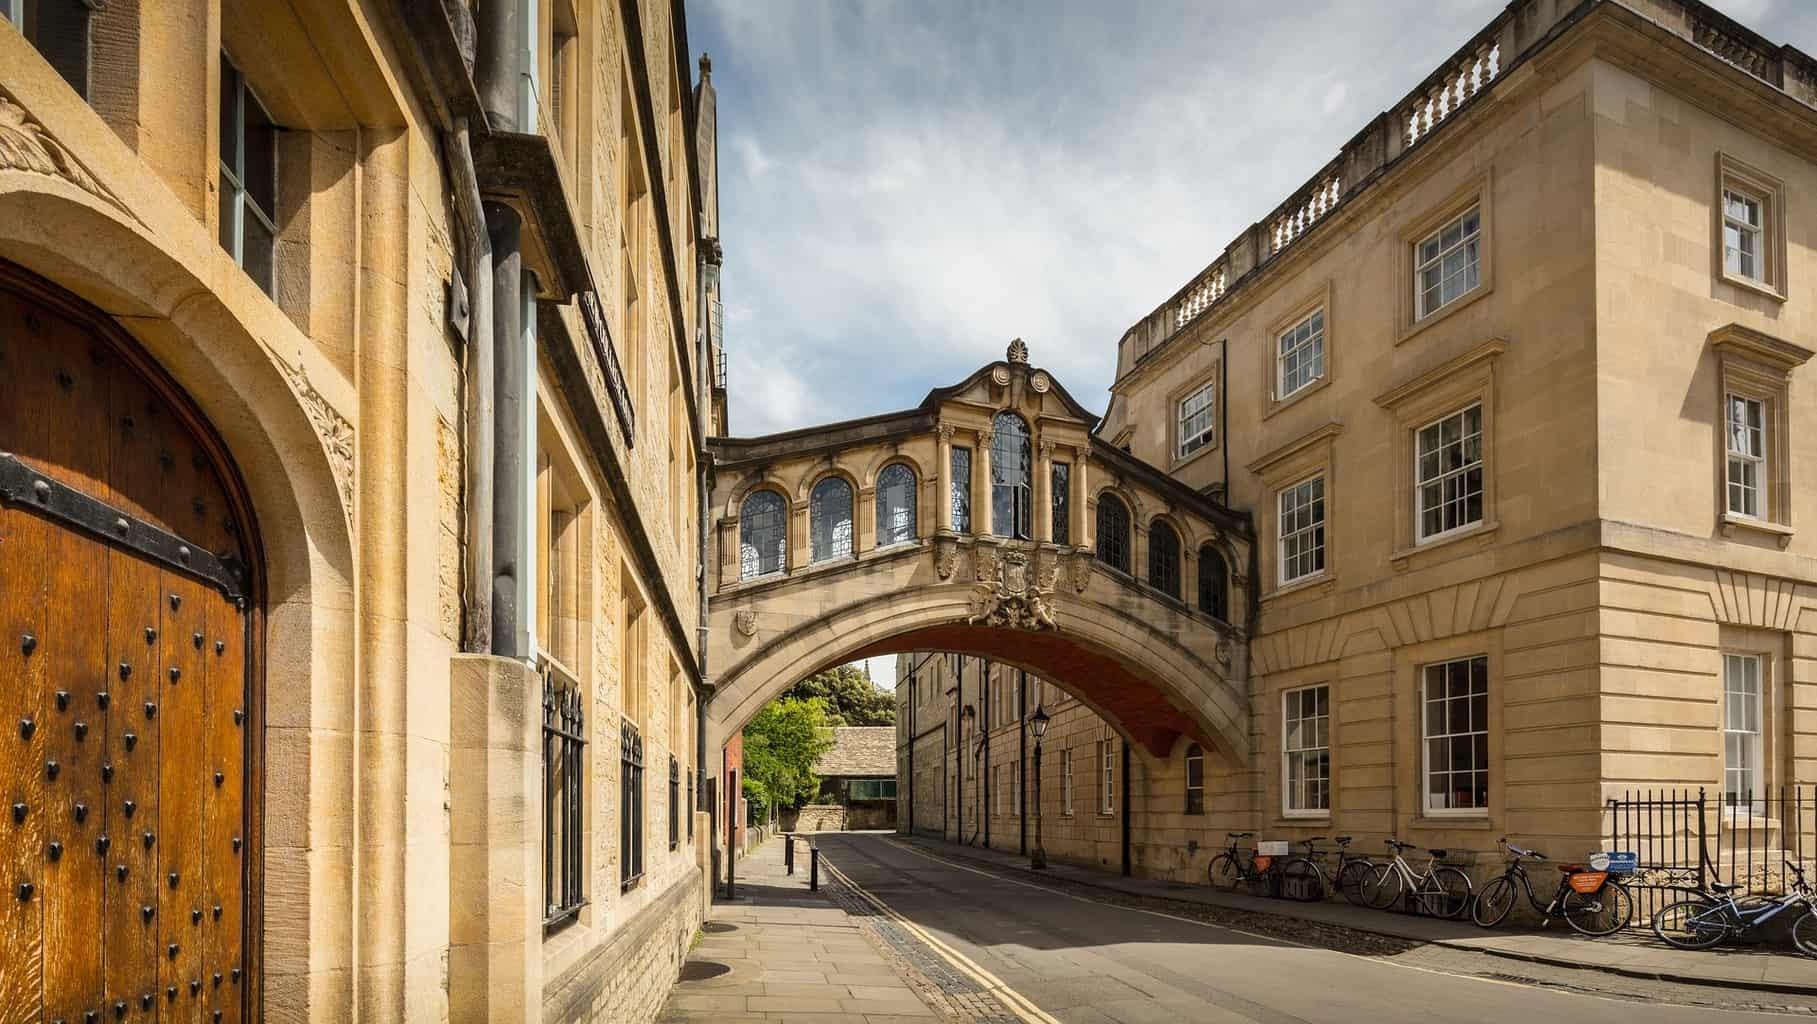 Oxford Arch Brdige
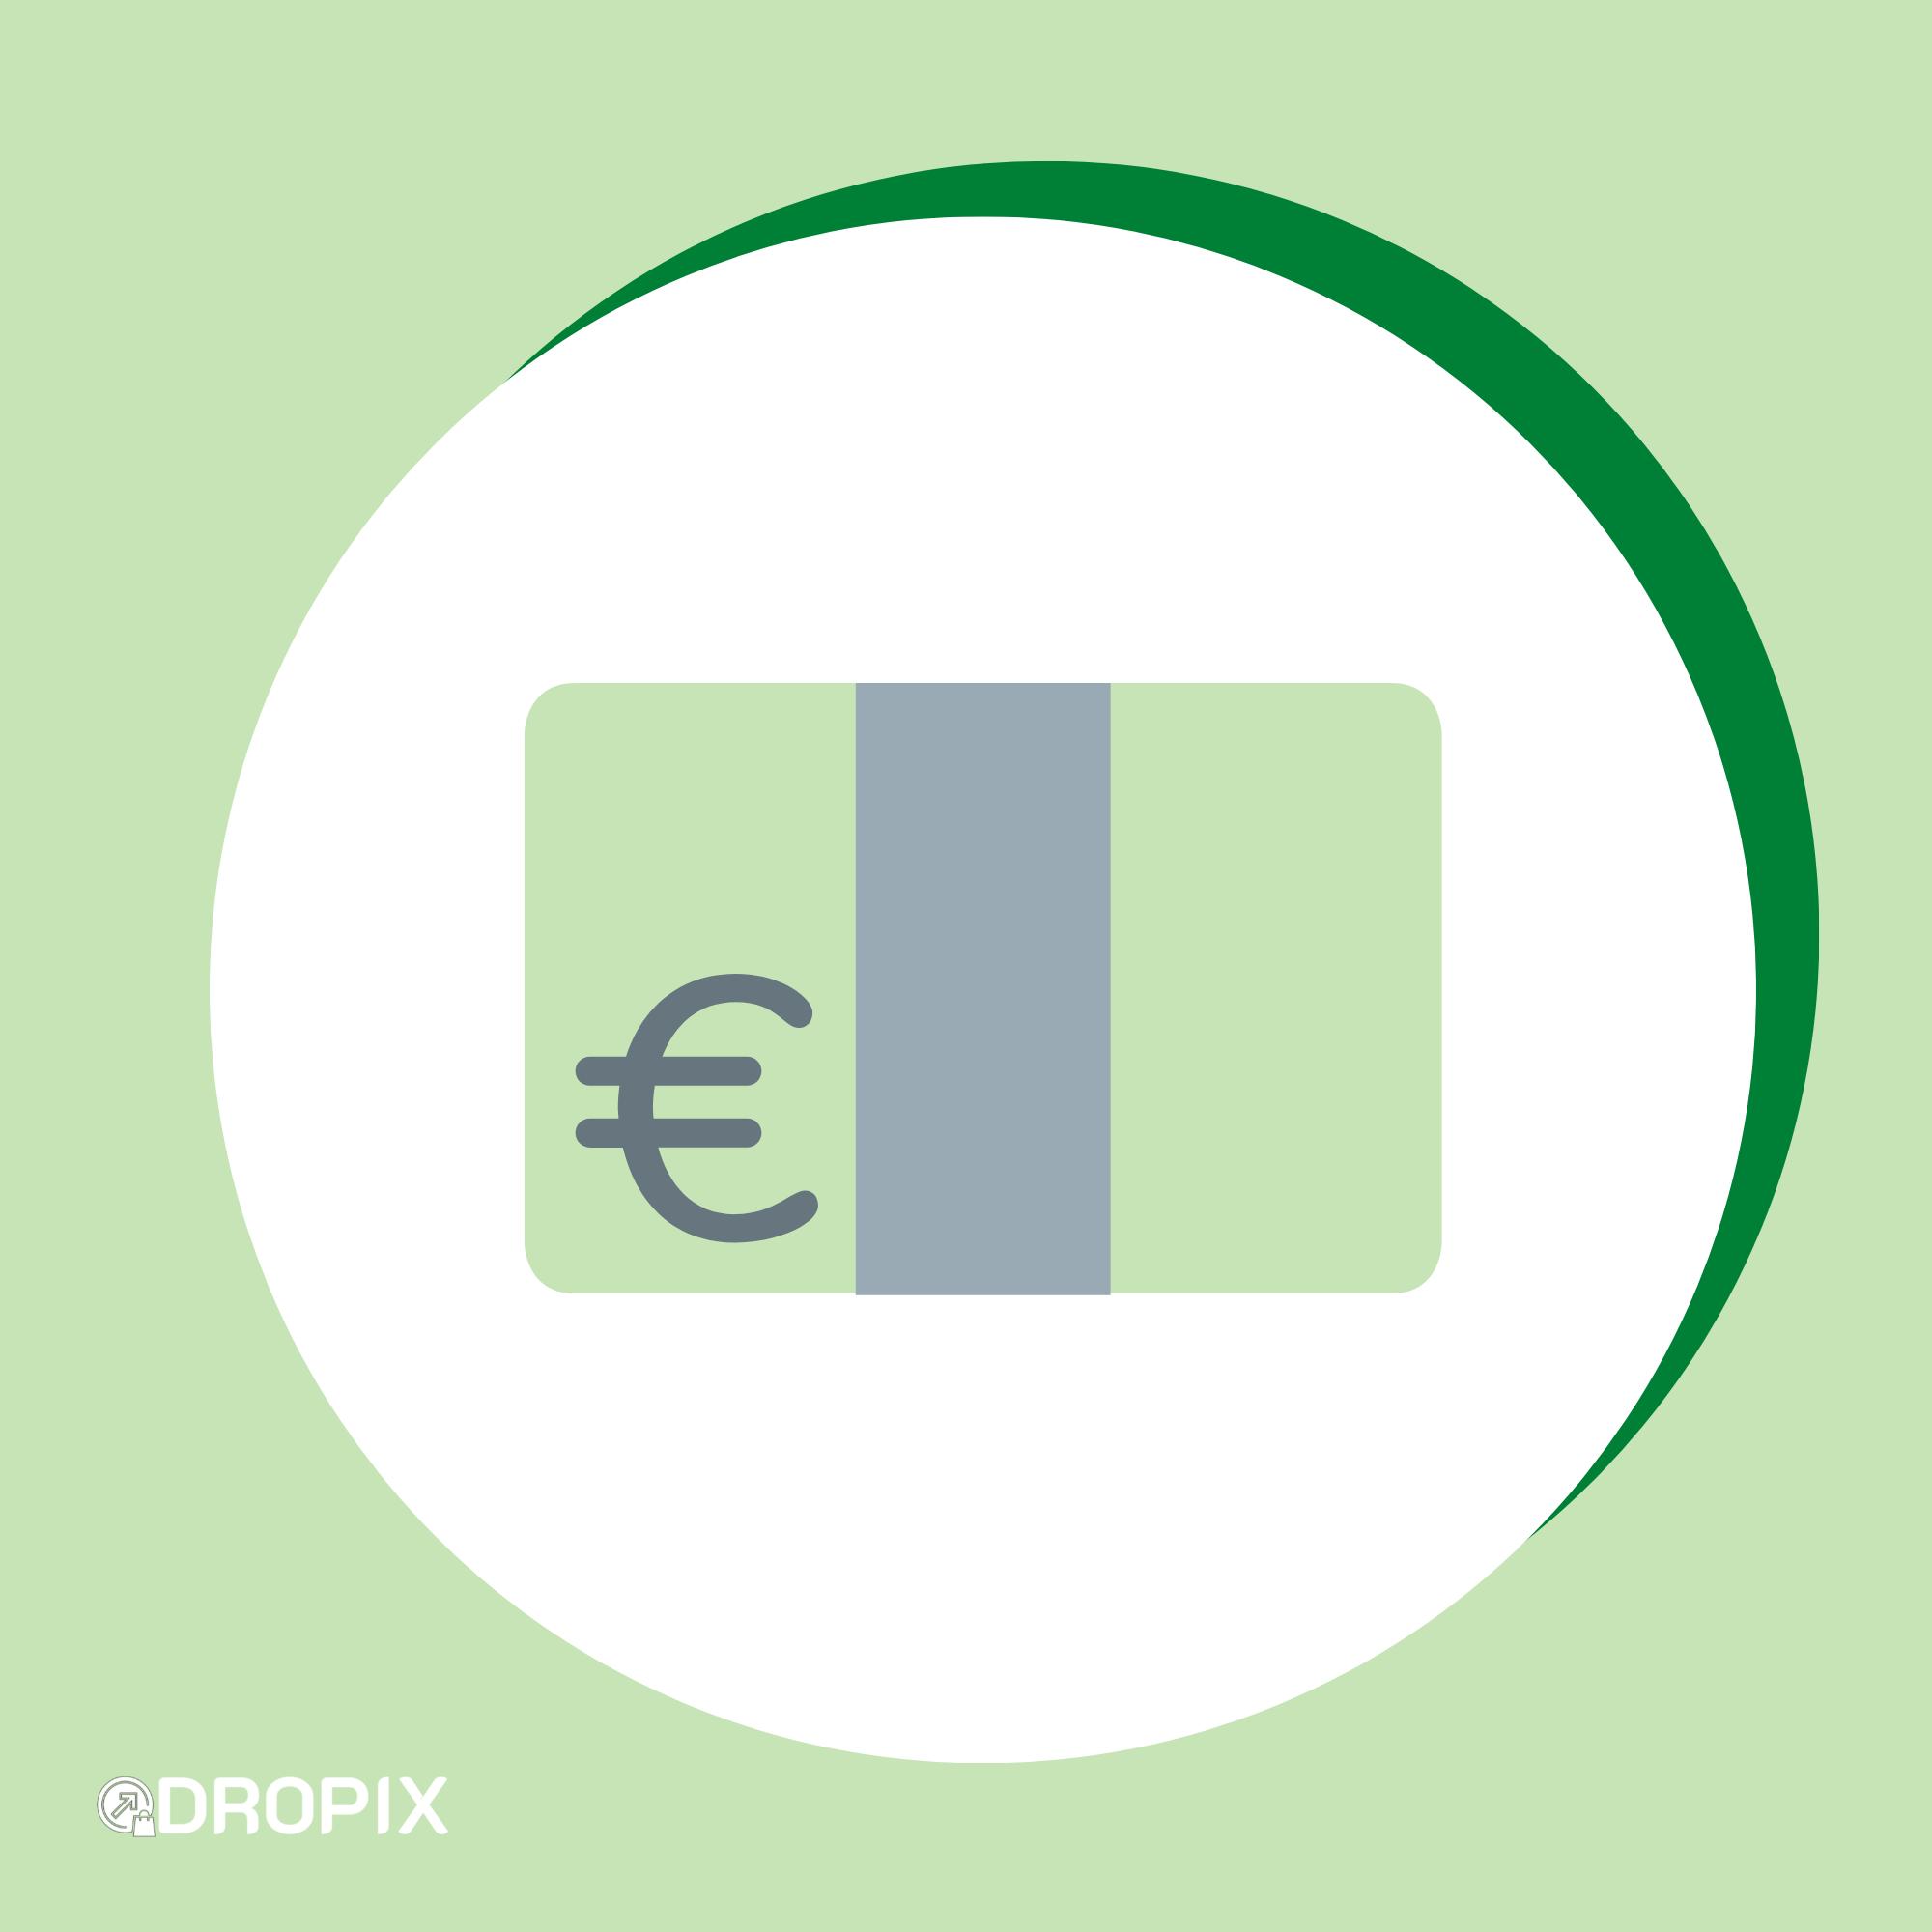 Générez des revenus grâce à l'affiliation Dropix
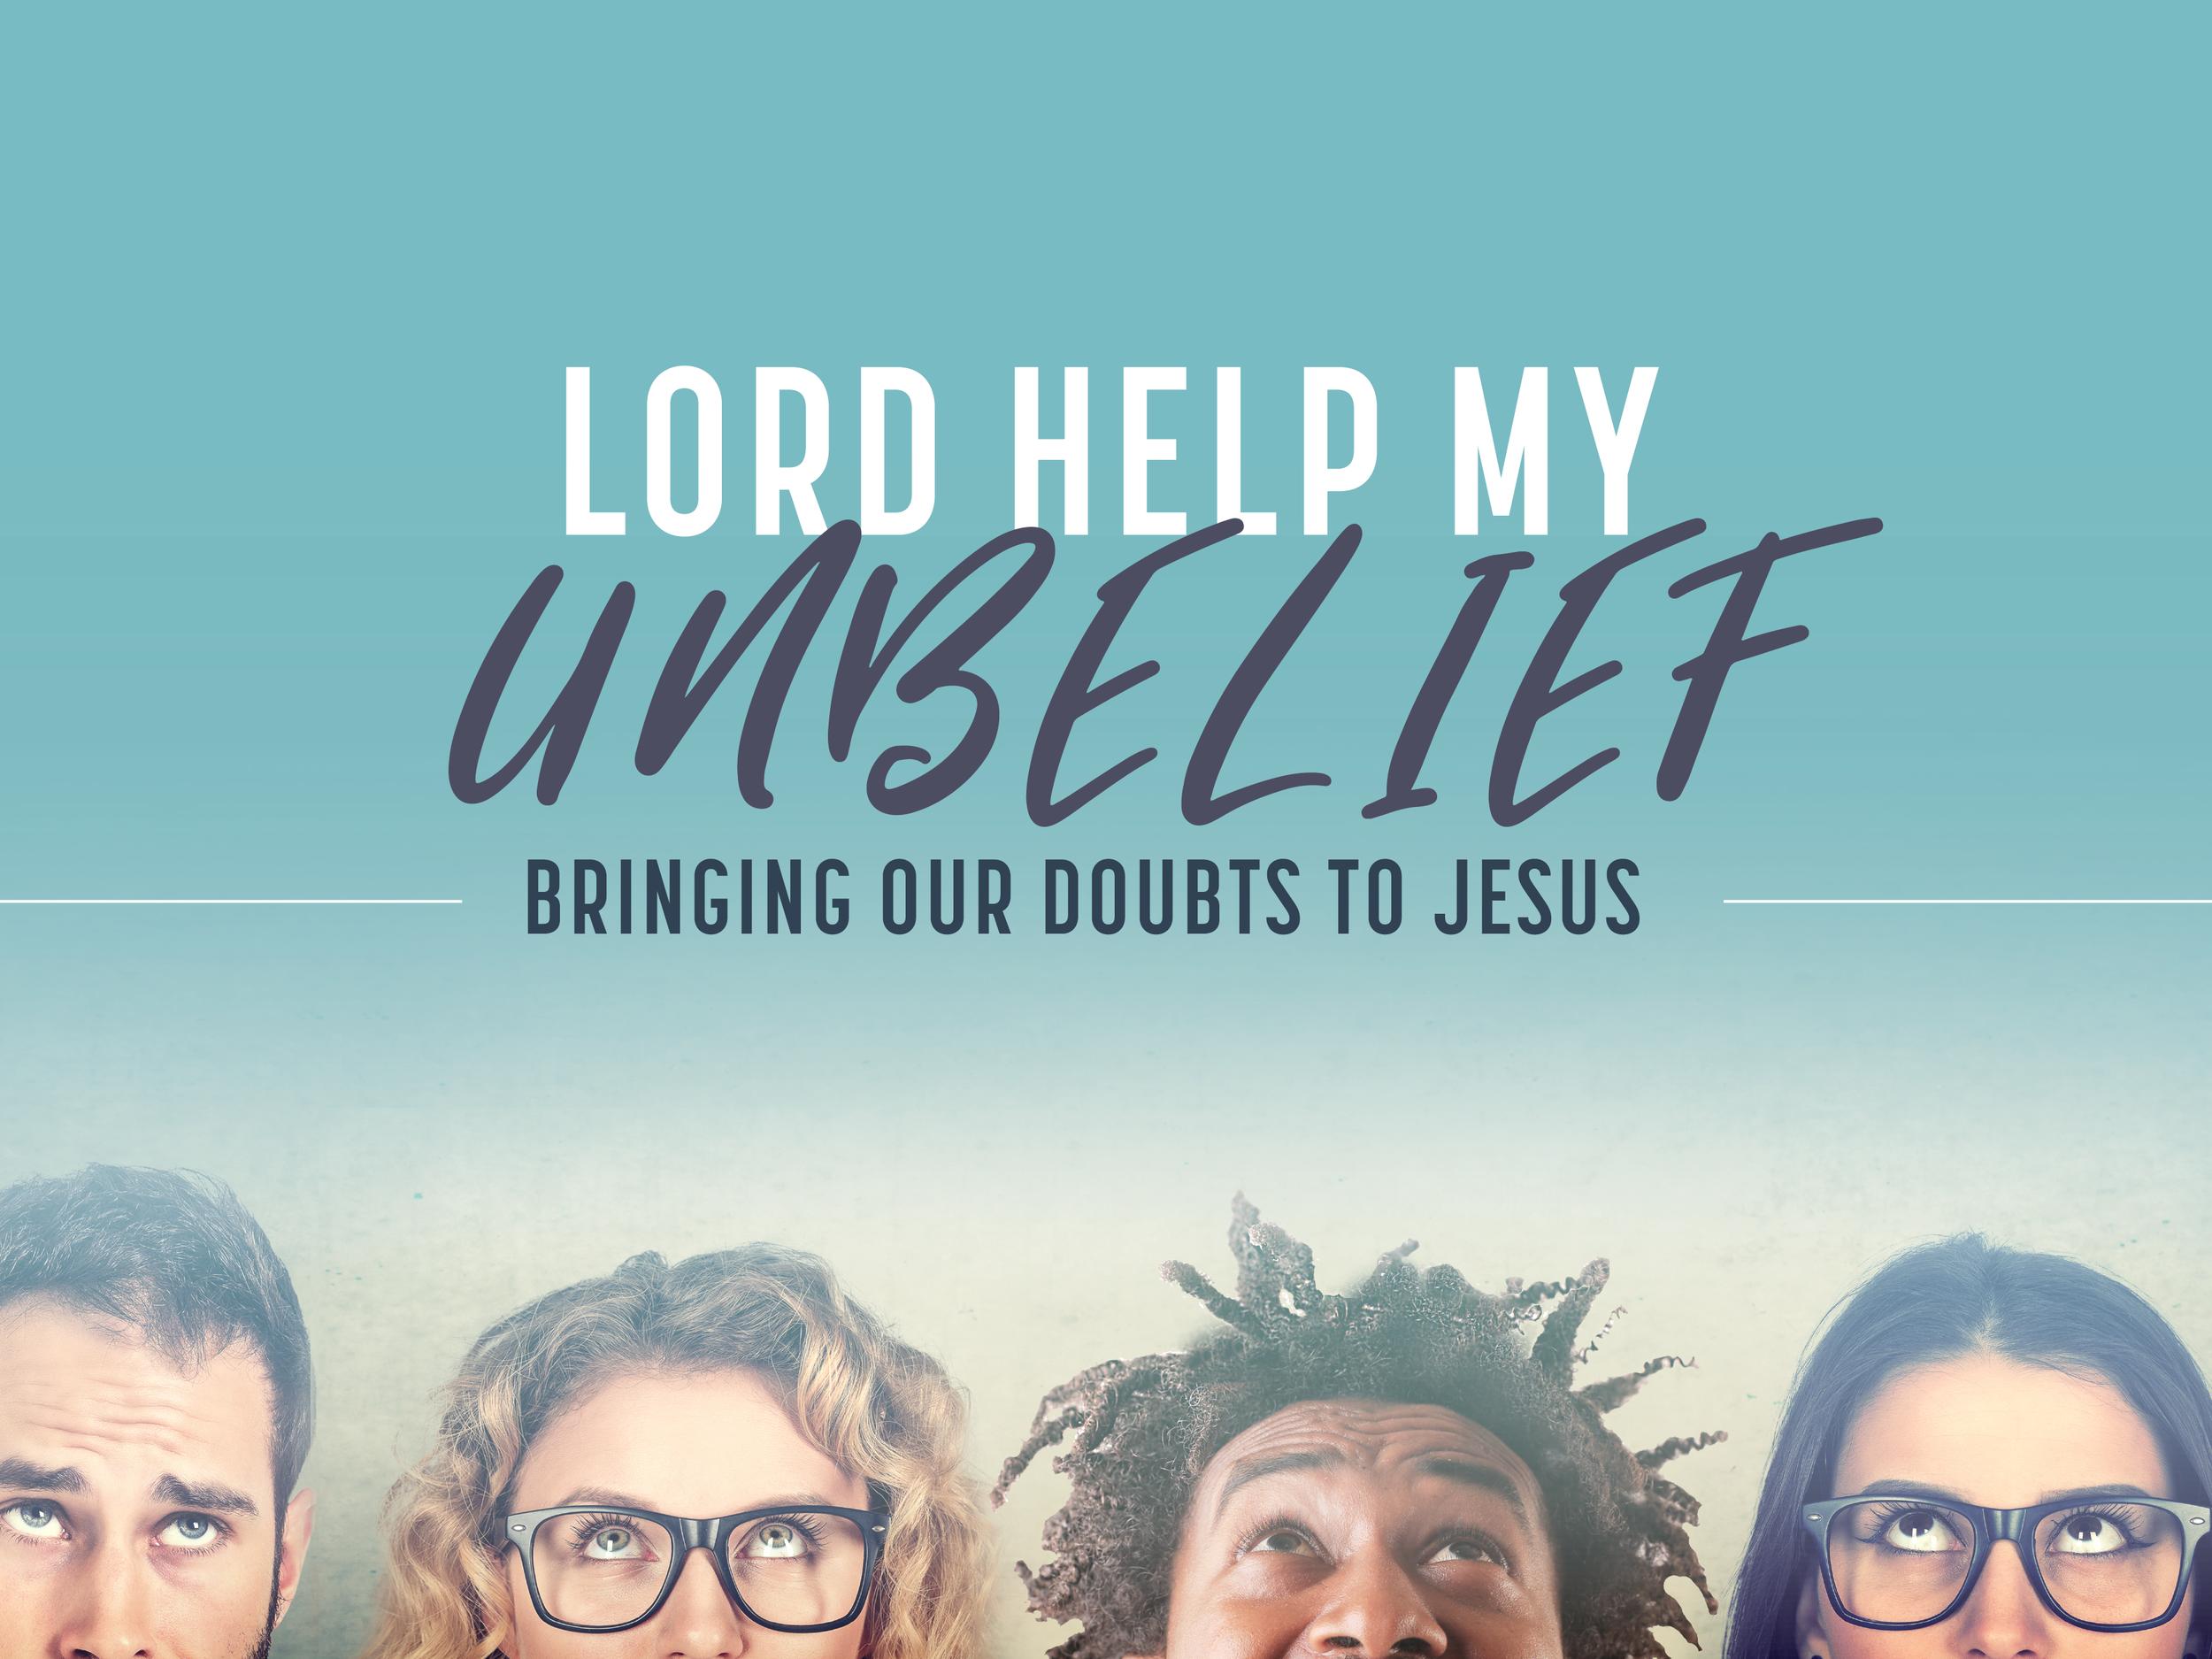 Help My Unbelief_Title.png

= The task =
Set down the material exactly, every line of it, except for the pictures.

= Worked solution =
 Oxford Arch Brdige
 Générez des revenus grâce à l'affiliation Dropix
 Help My Unbelief_Title.png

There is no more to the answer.